К — Ну, как вам понравился мой фантастический диалог?

Т — По-моему, вы сильно польстили своему главному герою. Ему не нужен ни народ, ни государство. Ему нужна только власть, и он не может говорить правду о себе, органически не может. Он соткан из лжи, пропитан ею, но тем не менее это выразительно, и людям будет полезно прочитать о таком, а я напишу предисловие. Не возражаете? Хотя, вы, кажется, никогда не были моим сторонником, троцкистом, как говорит он. Кстати, о нем: вы понимаете, почему он уничтожал военных, зная, что они никакие не заговорщики? Нет?

К — Может быть, он боялся их, за ними стояла большая сила.

Т — Может быть, и это есть, но главное в другом. Они ведь помнили гражданскую войну, знали, какую роль сыграл в ней он и какую я. Он мог сломать их, заставить подчиниться себе, ходить по ним ногами, но настоящим вождем он для них быть не мог. В военном деле ведь все ясно, там нет идеологии. Нет марксизма.

К — А вы не думаете, что любая революция кончается всегда одинаково: приходит диктатор, иногда Наполеон, иногда Сталин, и действительно начинает строить империю?

Т — Я мог бы привести еще с десяток примеров для подтверждения вашей точки зрения, и тем не менее вы не правы. Если революция была настоящей, глубокой, коренной, ее главного достижения не может отменить никакой тиран, он уйдет, а они останутся. И потом, у всех тиранов есть одна общая черта: они смертельно боятся народа и не умеют говорить с ним, а я никогда его не боялся.

К — Но даже если допустить, что революция что-то меняет коренным и необратимым образом, благо ли она для народа?

Т — А что для него благо? Капитализм? Вы знаете, у моего отца была очень редкая для местечкового еврея профессия — он был крупный землевладелец и вывозил хлеб за границу, а батраки у нас жили много хуже, чем скотина, даже и сравнить нельзя. Отец совсем не был жестоким человеком, он сам был из народа. И поверьте мне: любое благо при капитализме возникает и существует ценой чьих-то бед не в этом городе, так в другом, не в передовых странах, так в колониях. Не спорю, капитализм научился делать очень красивый фасад.
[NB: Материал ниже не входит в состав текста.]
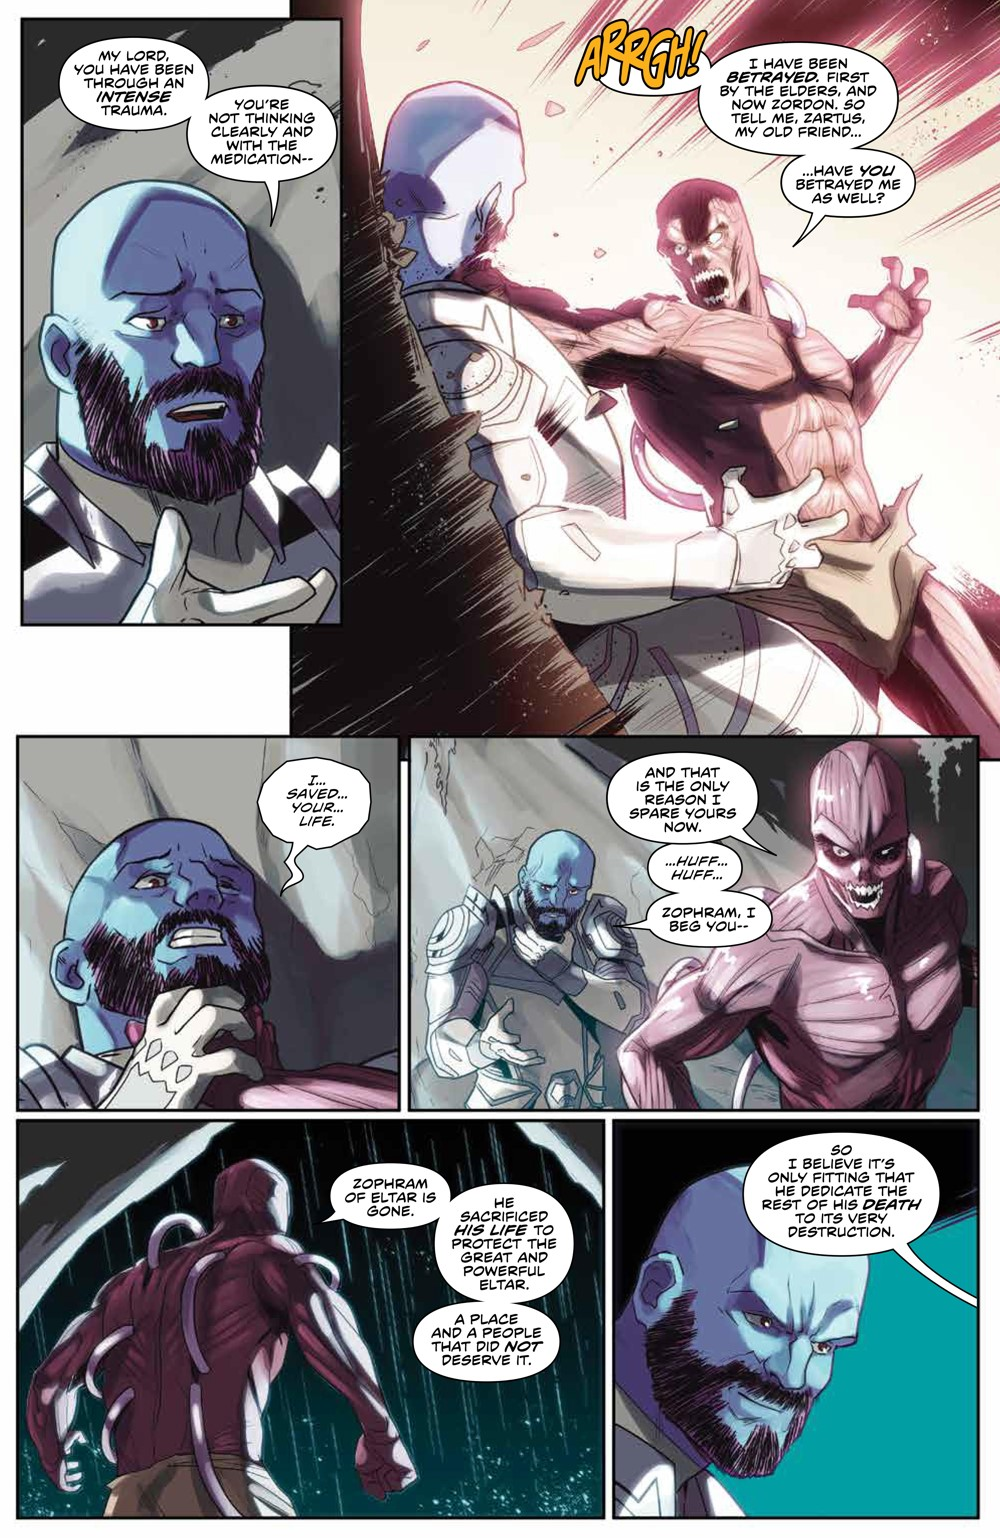 MightyMorphin_011_PRESS_5 ComicList Previews: MIGHTY MORPHIN #11
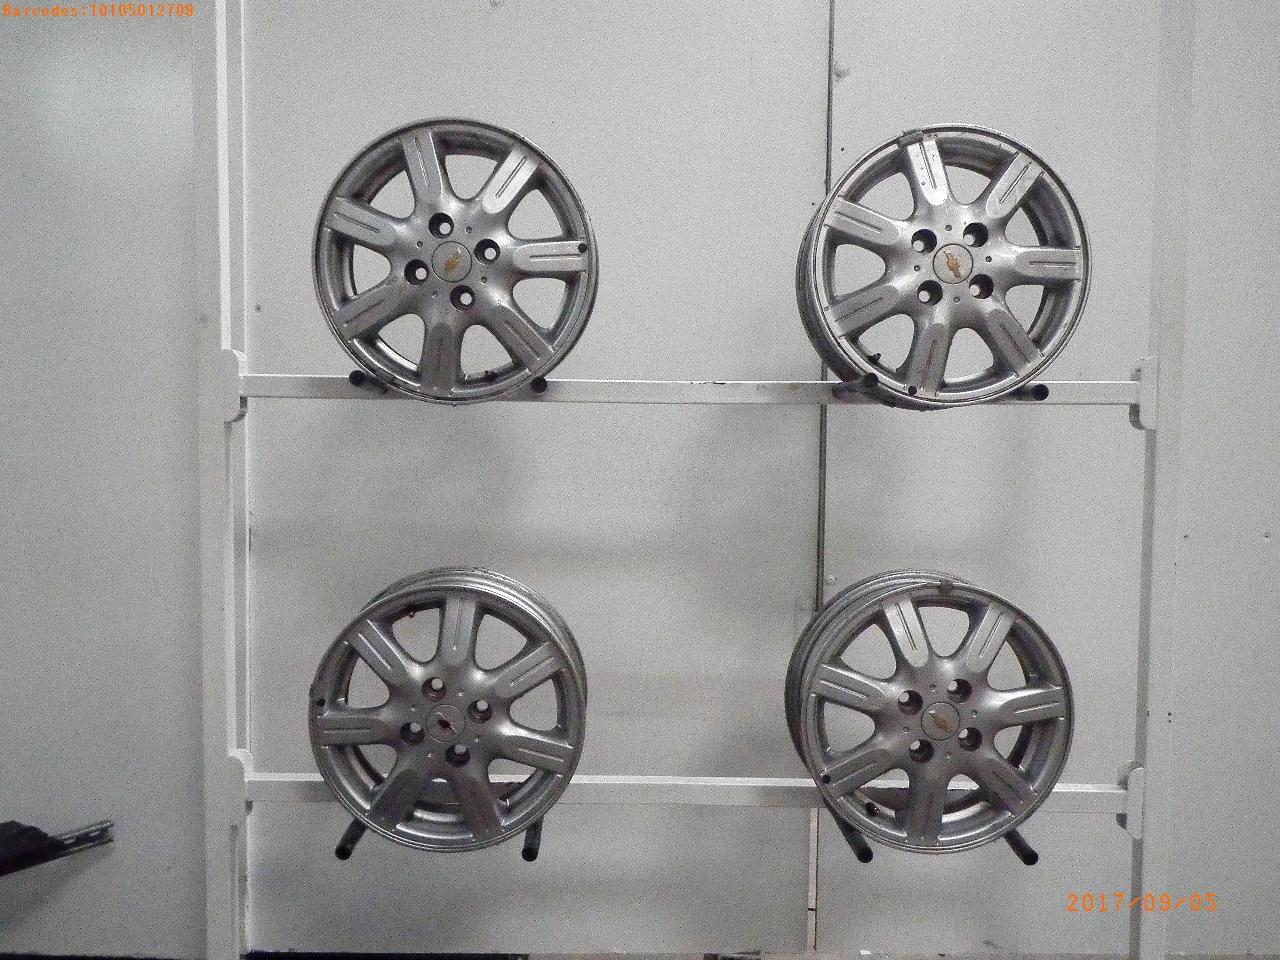 Jante Chevrolet Spark M300 1 2 4 1 2 X 14 1 Satz 4 Stk B Parts

К — А сталинские колхозы? Ваш отец любил землю, вы можете представить его колхозником? Даже не в сталинском колхозе, а в бухаринском.

Т — (смеется). Нет, не могу, но руководить колхозом он мог бы очень хорошо.

К — А кто назначит такого человека руководителем? Его сгноили бы в Соловках.

Т — А я в гражданскую войну широко использовал военных специалистов, царских полковников и генералов, даже белый генерал Слащев после короткой отсидки преподавал в Военной академии, и Ленин разрешал мне это делать.

К — Согласитесь, господин Т, что это было скорее исключением — и ваши военные специалисты, и в какой-то степени вы сами. И потом, разве нет такой закономерности, что вожди революции либо становятся тиранами, либо уничтожаются? Об этом неоднократно писал Герцен. Помните, как он цитирует Бартелеми?

Т — Я очень люблю Герцена, хотя голова у меня устроена так, что я дословно помню и тех авторов, которых я не люблю.

К — Мы с вами слишком углубились в историю. Неужели вы видите в Европе реальные революционные силы?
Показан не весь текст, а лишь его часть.